- Exercise prompt
Output all the data exactly. Pictures do not belong in the copy.

- Supplied information

================================

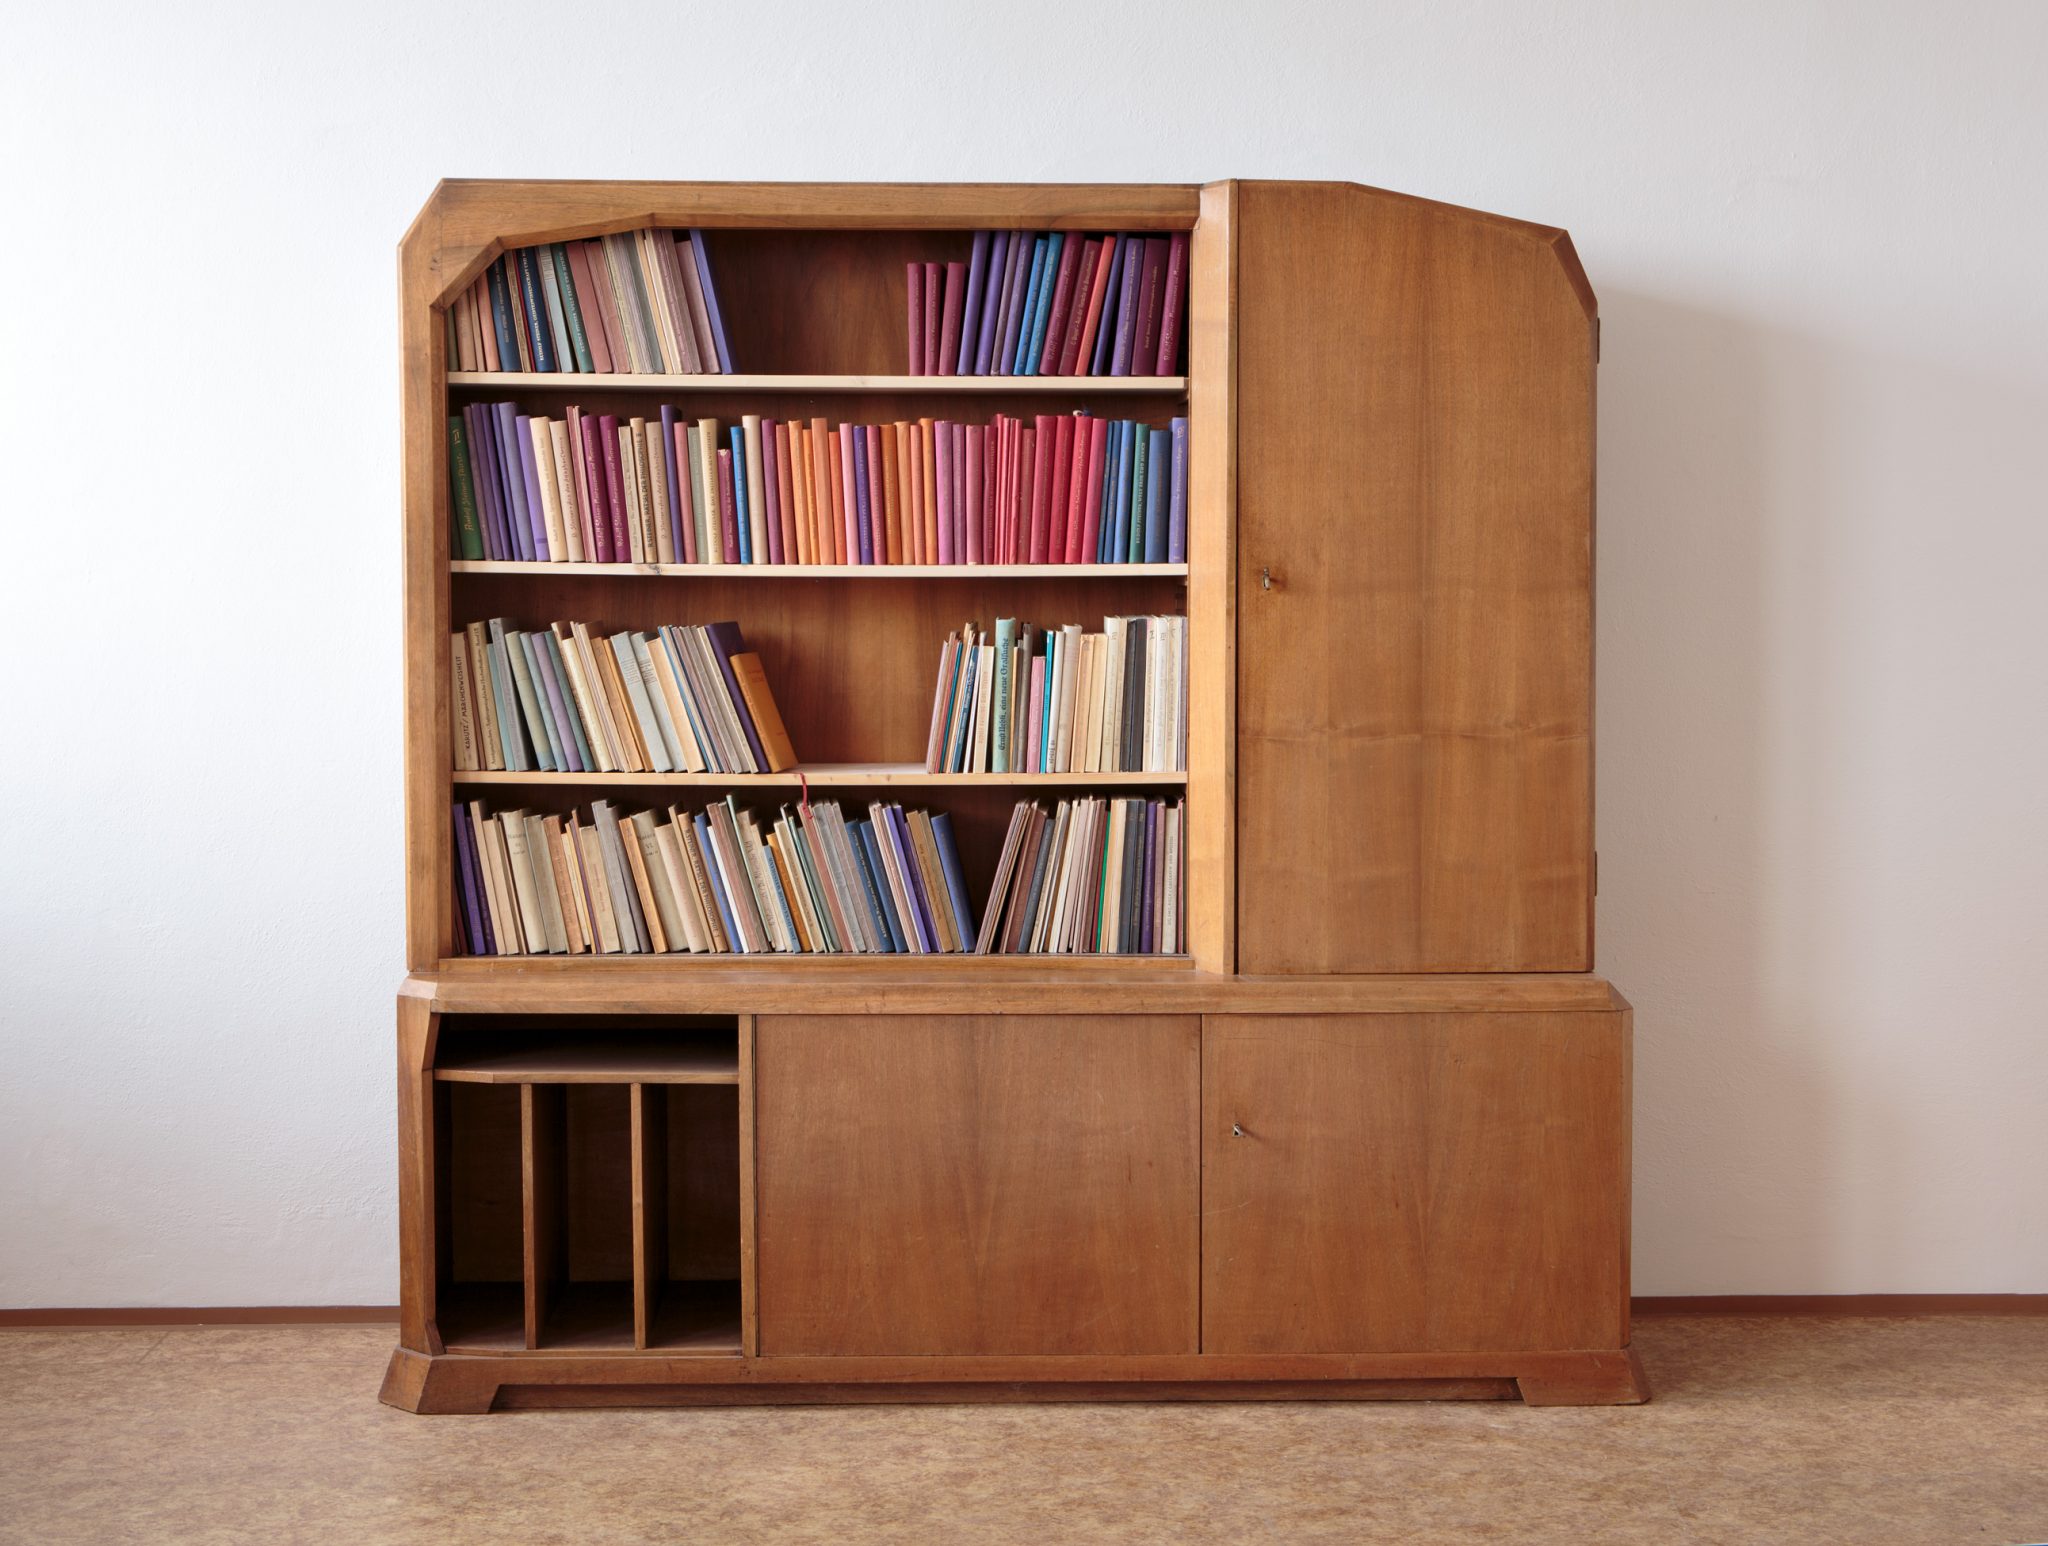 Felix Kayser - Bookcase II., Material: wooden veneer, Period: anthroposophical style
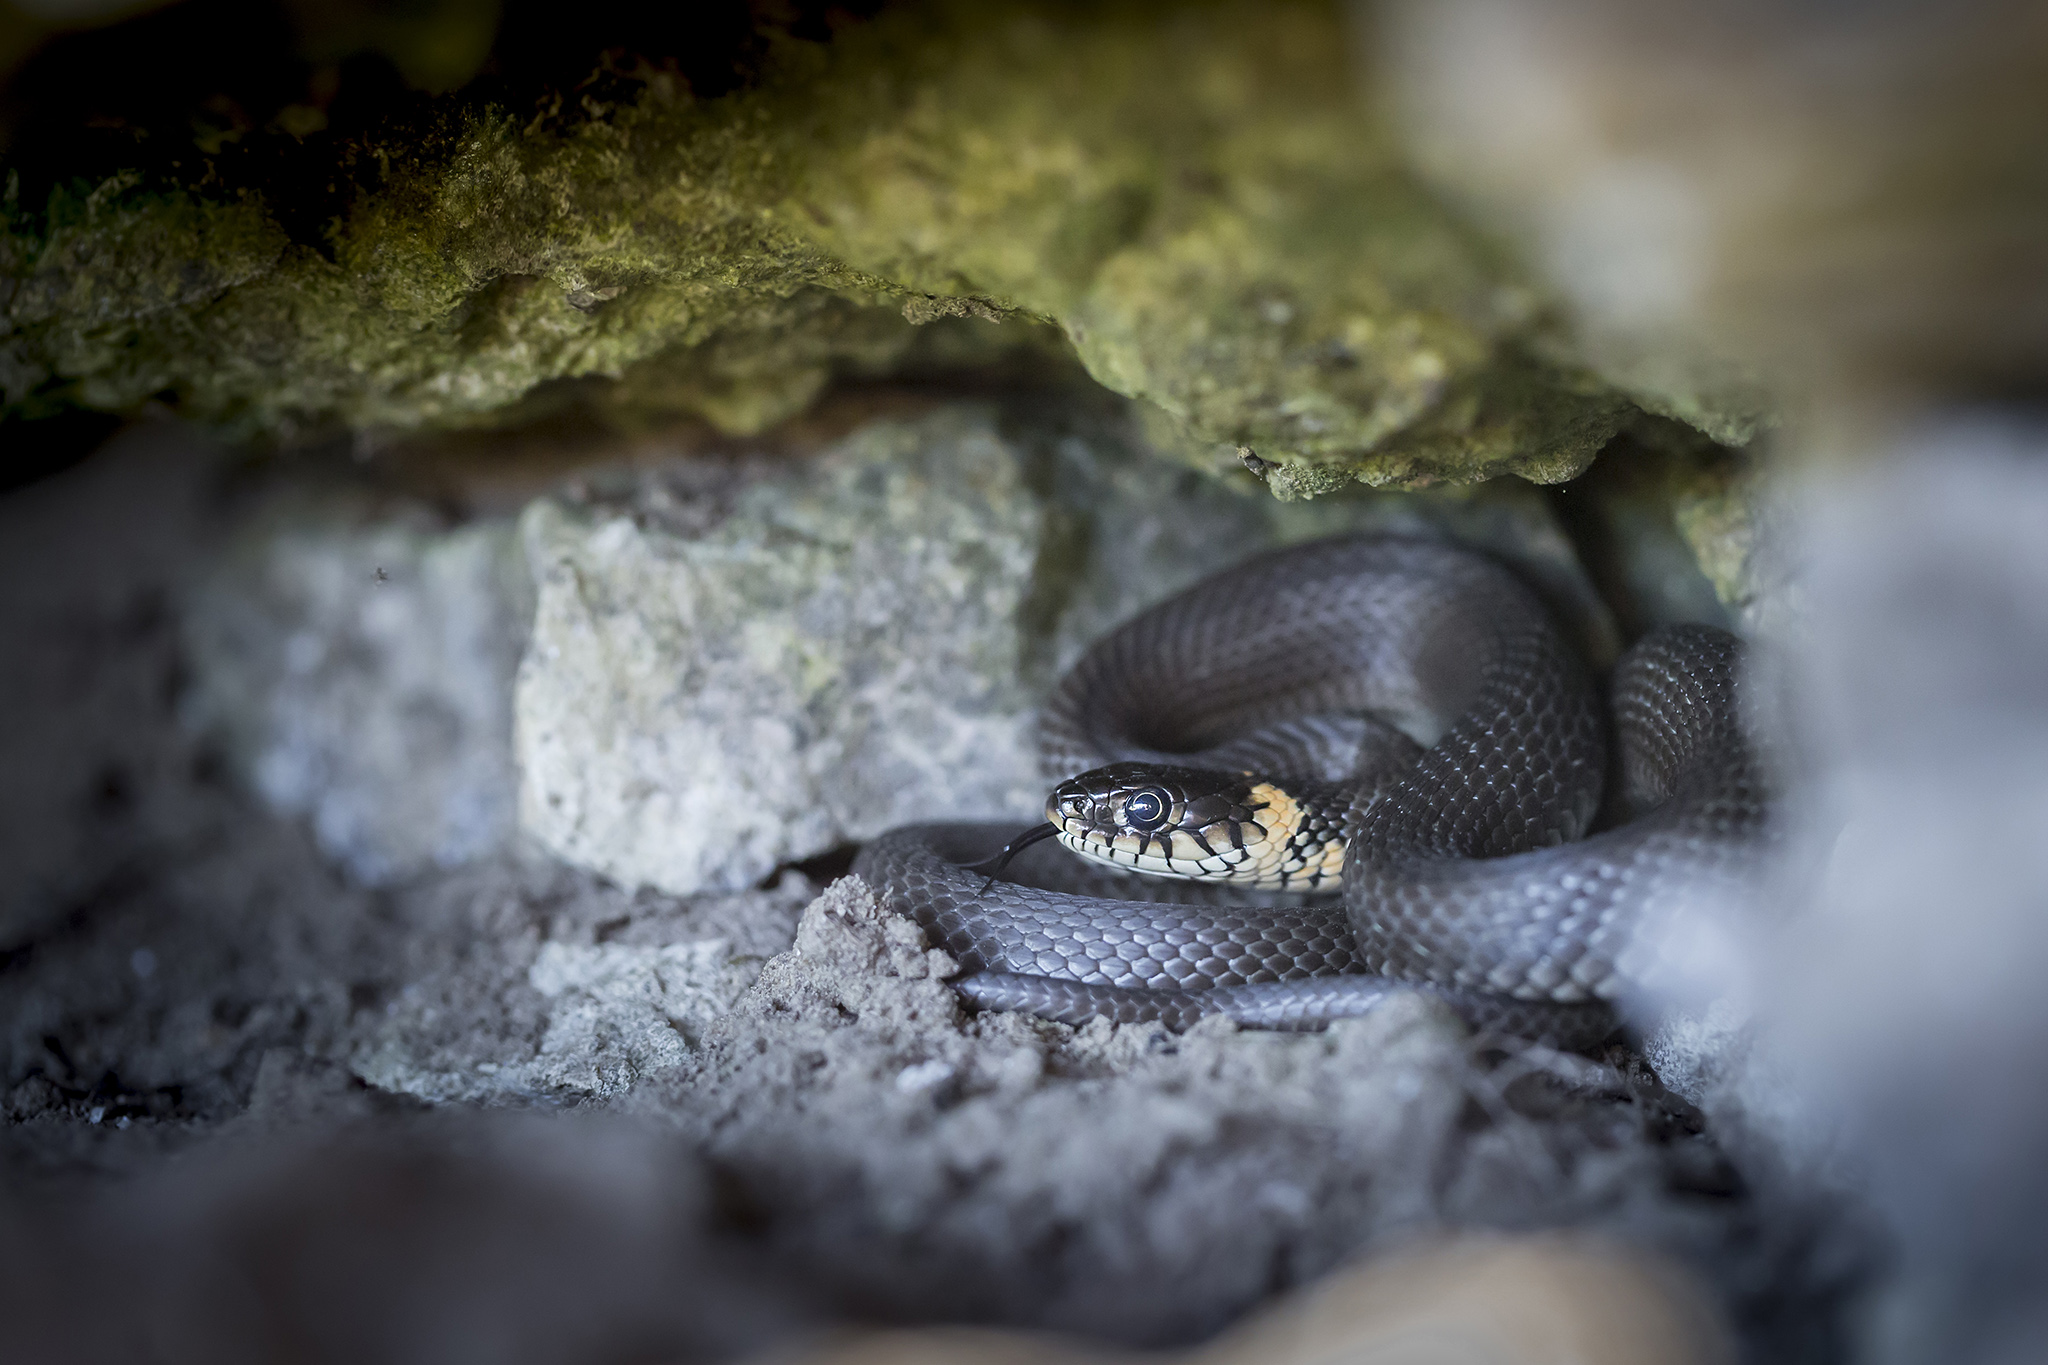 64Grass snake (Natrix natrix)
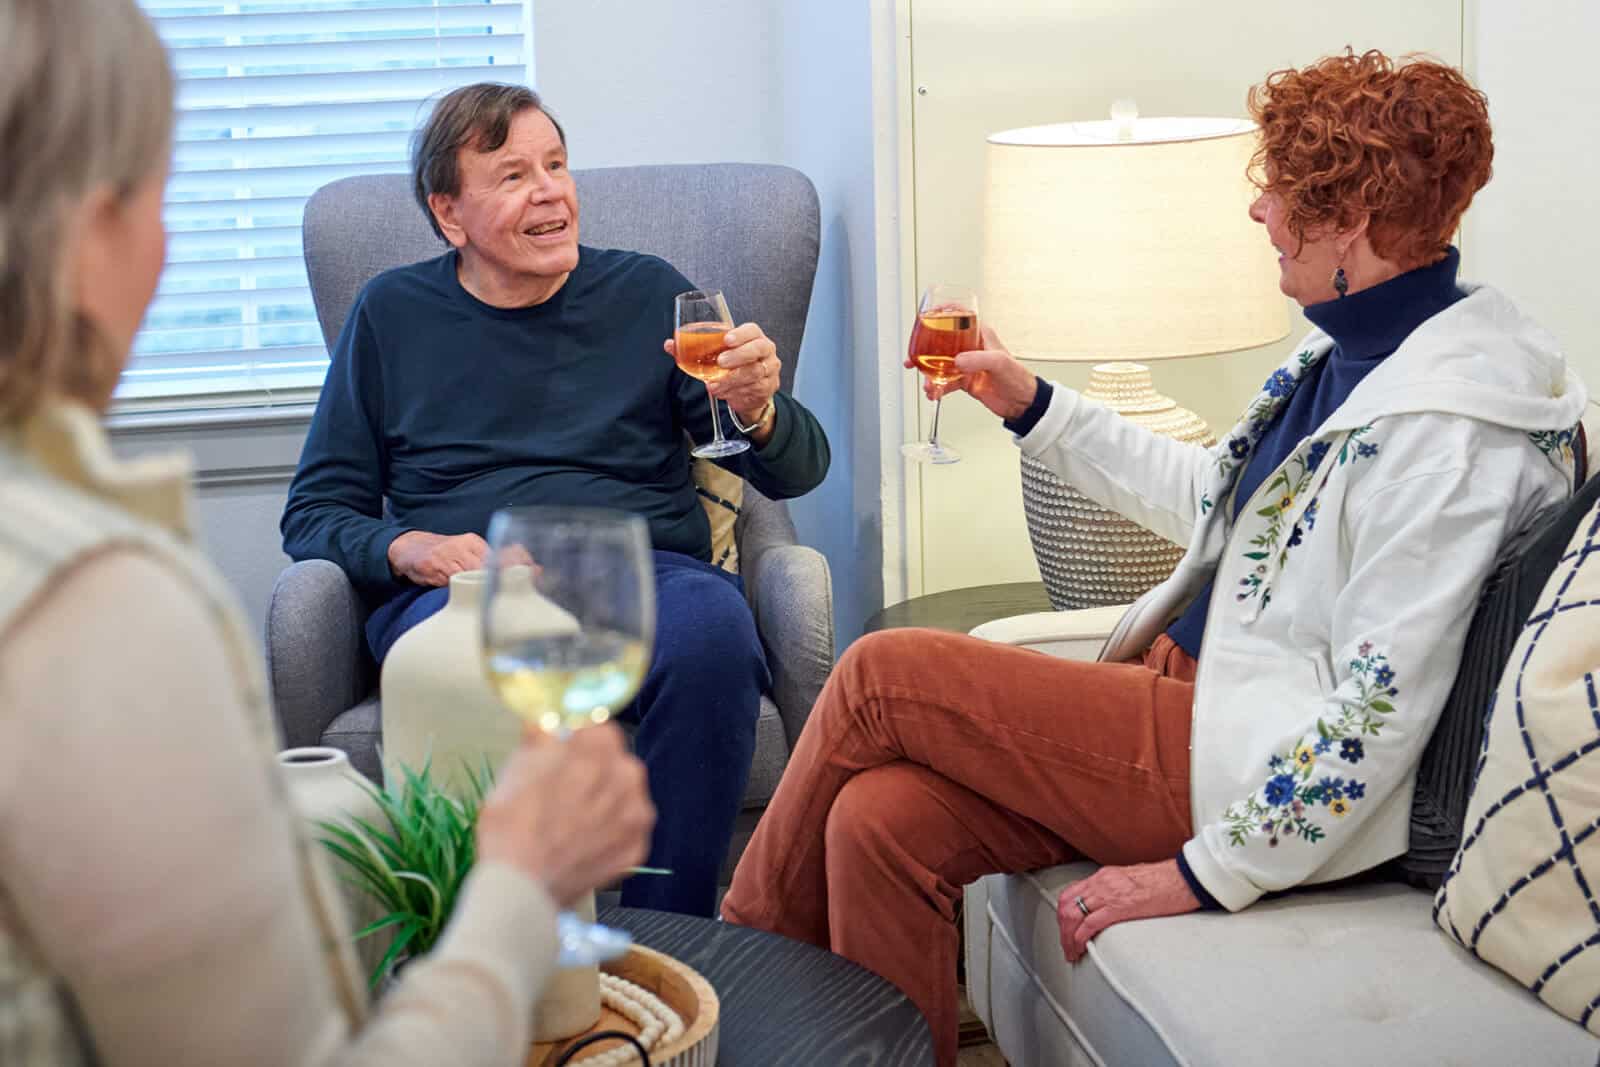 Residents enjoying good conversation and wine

================================

- Exercise result
 Felix Kayser - Bookcase II., Material: wooden veneer, Period: anthroposophical style
 64Grass snake (Natrix natrix)
 Residents enjoying good conversation and wine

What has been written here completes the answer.